Ella volvió, y con ella regresaron voluptuosas y sicalípticas sus hermanas las musas a untar sus pieles en mis sienes, a deleitar con sus danzares, mis afiebrados, pecadores e incestuosos delirios, levantándome de nuestro lecho a altas horas de la noche para escribir enamorado lo dictado por mis amadas tiranas.
Ella volvió, y con ella vuelve mi promesa no dicha de amar lo eterno en lo efímero, de querer y vivir consagrado a los muertos, a los sin descanso, a los no vivos. ¿Y que importa si solo me usa?

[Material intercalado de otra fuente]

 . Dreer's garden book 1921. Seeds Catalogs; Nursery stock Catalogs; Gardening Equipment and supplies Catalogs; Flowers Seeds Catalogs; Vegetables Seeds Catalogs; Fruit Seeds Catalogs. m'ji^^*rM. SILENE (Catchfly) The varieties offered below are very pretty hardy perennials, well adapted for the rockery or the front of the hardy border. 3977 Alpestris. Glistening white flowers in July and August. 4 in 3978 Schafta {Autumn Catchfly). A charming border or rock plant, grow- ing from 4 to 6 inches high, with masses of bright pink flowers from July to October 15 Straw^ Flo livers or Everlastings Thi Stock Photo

Mientras la tenga a mi lado, mientras pueda cuidar de ella y velar su sueño diurno, mientras pueda ofrendar hombres nocturnos a su sed de vida inagotable, yo seguiré hasta donde mis fuerzas lo permitan.
Ella volvió. Y con ella se renuevan mis quehaceres de hombre enamorado.
Gustavo Reyes Ramos.
Todos los derechos reservados.
Todos los derechos reservados.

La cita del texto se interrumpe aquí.